At the beginning of the year, Victorian Premier Daniel Andrews wrote a letter to the National Tertiary Education Union promising to demand a federal government review of university English-language requirements amid concerns that many international students were struggling to participate in class and complete assignments, as well as placing undue strain on teaching staff:

“International students are a vital part of Victoria’s education system but it’s concerning that some students are enrolled in courses without adequate English language skills to complete them,” he said.

Academics, tutors and students say some international students are struggling to understand instructions in class, complete assignments and communicate with other students.

They say English standards have been set too low and can be bypassed by enrolling in bridging courses…

The union is calling for a review of the English standards required for student visas and those set by universities…

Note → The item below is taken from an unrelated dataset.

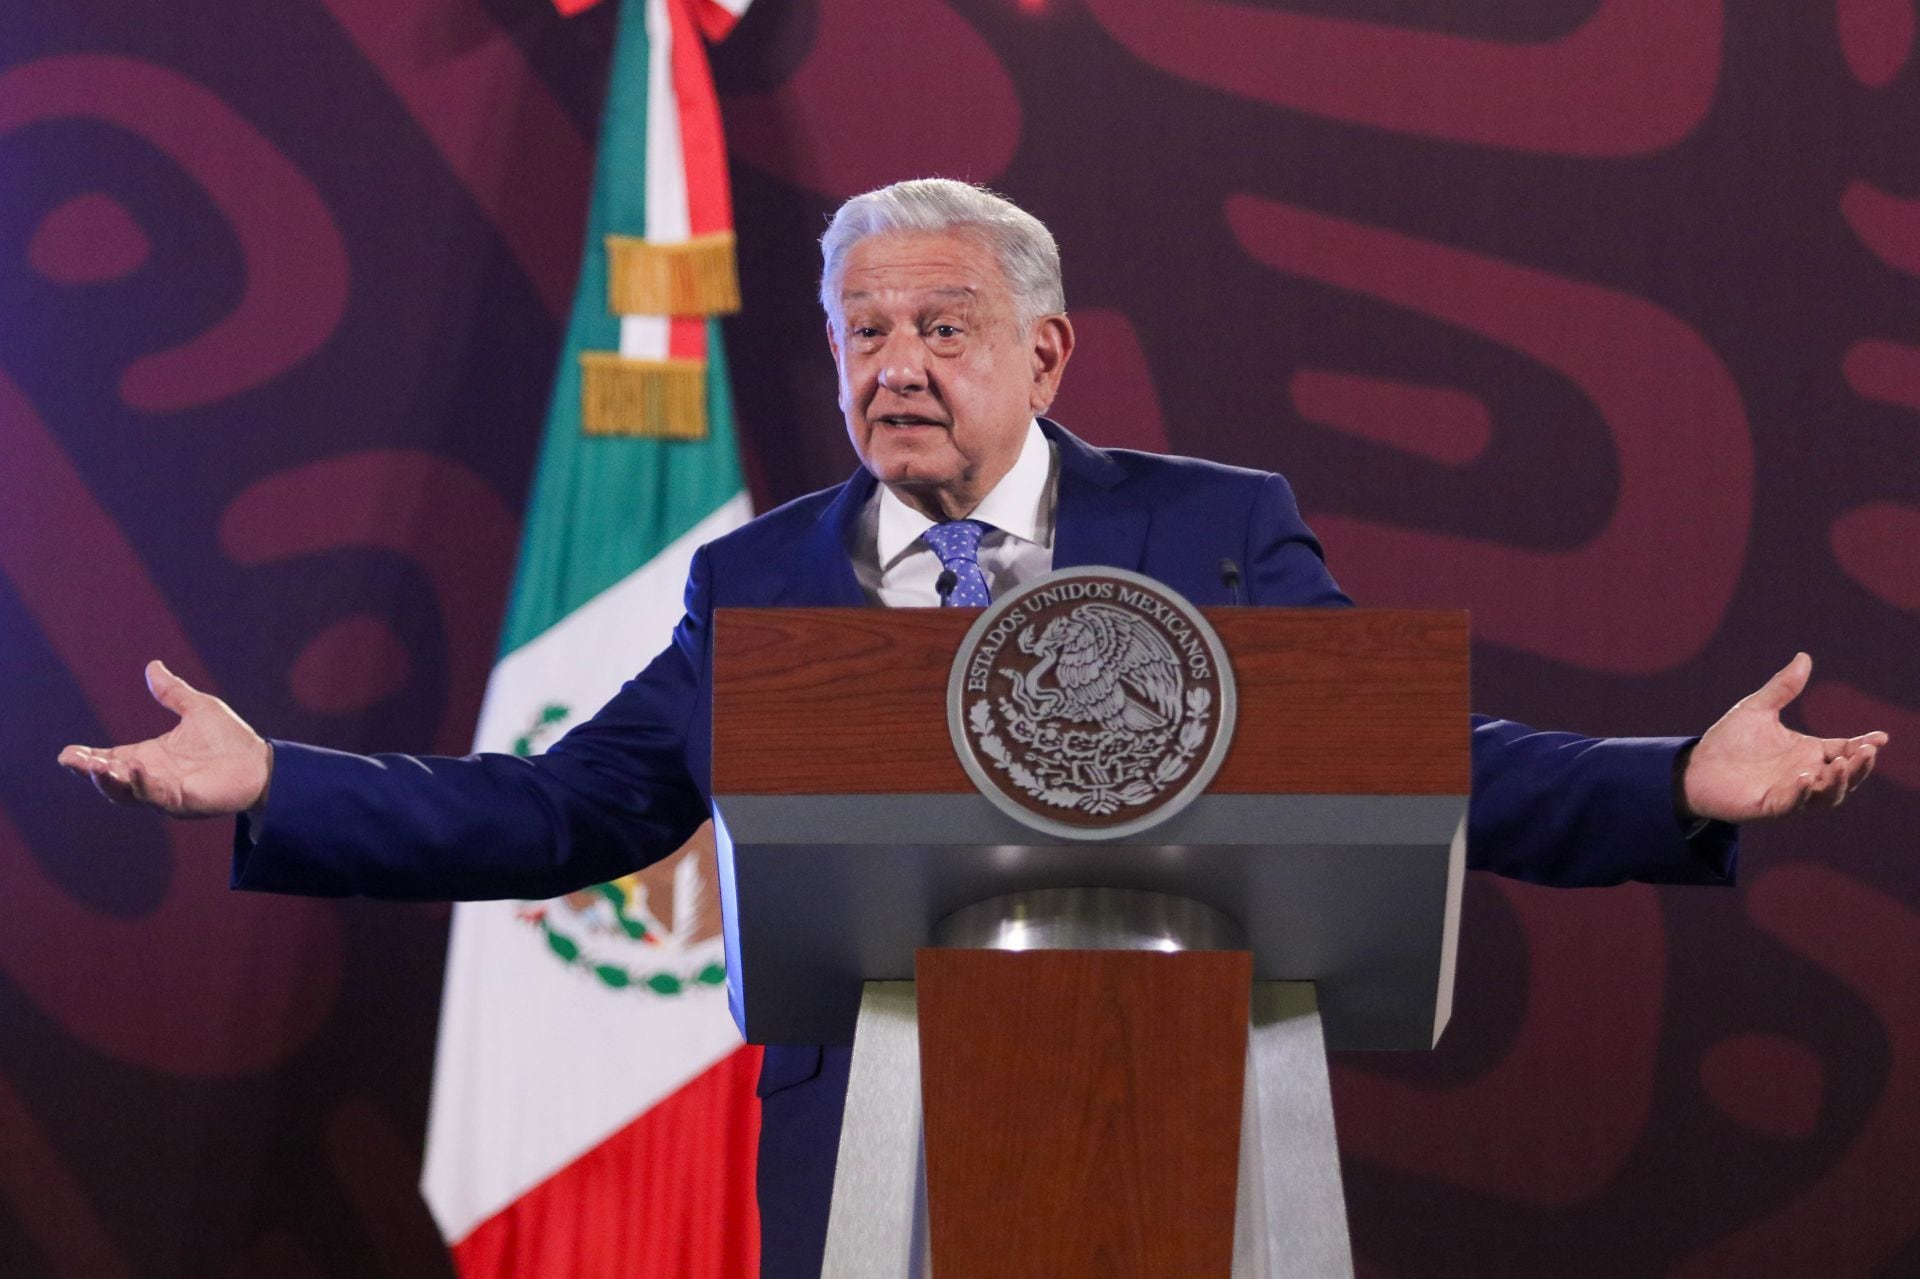 AMLO ‘pone mano dura’ a... ¿EU? Advierte que México será estricto con visas a estadounidenses

The Premier’s letter follows a sharp lift in international student numbers, which have nearly doubled from 332,356 in March 2013 to 612,825 as at March 2019:

As shown in the next table from the Department of Education, the majority of international student growth has occurred in Melbourne and Sydney, whose numbers have ballooned by 125,393 (396%) and 100,532 (345%) respectively since 2000:

A fortnight ago, federal education minister, Dan Tehan, announced that the Coalition Government would tighten rules around English standards:

The Tertiary Education Quality and Standards Agency, the independent regulator of universities, recommended to Mr Tehan in March that tougher English language standards be applied to academic foundation courses that provide foreign students with a pathway into enrolment at universities… the regulator also advised that monitoring of universities’ compliance could be sharpened, including by forcing them to “record, in detail, the basis on which a student met the required English language entry standard”…

Mr Tehan is said to be supportive of the changes and the Department of Education is now developing advice for him on how they would operate…

And yesterday, the Tertiary Education Quality and Standards Agency (TEQSA) announced that it would audit more than 55 English-language course providers to ensure they are meeting tougher government requirements:

The providers will be scrutinised for their compliance with national standards that were tightened from 2018, requiring proper measures to demonstrate students’ outcomes are adequate for the higher education programs they are entering…

“As part of this, the agency will systematically go through provider by provider (and there are about 55 providers that offer ELICOS courses) and will be assessing those courses against the strengthened ELICOS national standards,” the spokeswoman said…

Amanda Muller, a senior lecturer responsible for student language development at Flinders University, said the tightening of ELICOS standards was “entirely needed”…

She said there was pressure on providers to produce results for their customers in the smallest amount of time possible…

If the federal government was genuinely interested in addressing the problems pervading Australia’s universities, it would task the Productivity Commission (PC) to undertake a warts-and-all review of the international student industry to determine whether it is maximising net benefits for Australians, in addition to tasking the PC with providing recommendations for improvement.

Australia badly needs a holistic assessment of the international student industry from a respected and impartial organisation like the PC. Only then will policy be calibrated to benefit all Australians, rather the education industry, who are treating international students as cash cows to be milked for profit.

More broadly, Australia must remove the link between international students studying at university and gaining permanent residency. Let educational institutions compete for international students on the basis of the quality of their education, not as export businesses offering a pathway to backdoor immigration. The whole sector has become bloated on an unsustainable model of linking tertiary education to residency.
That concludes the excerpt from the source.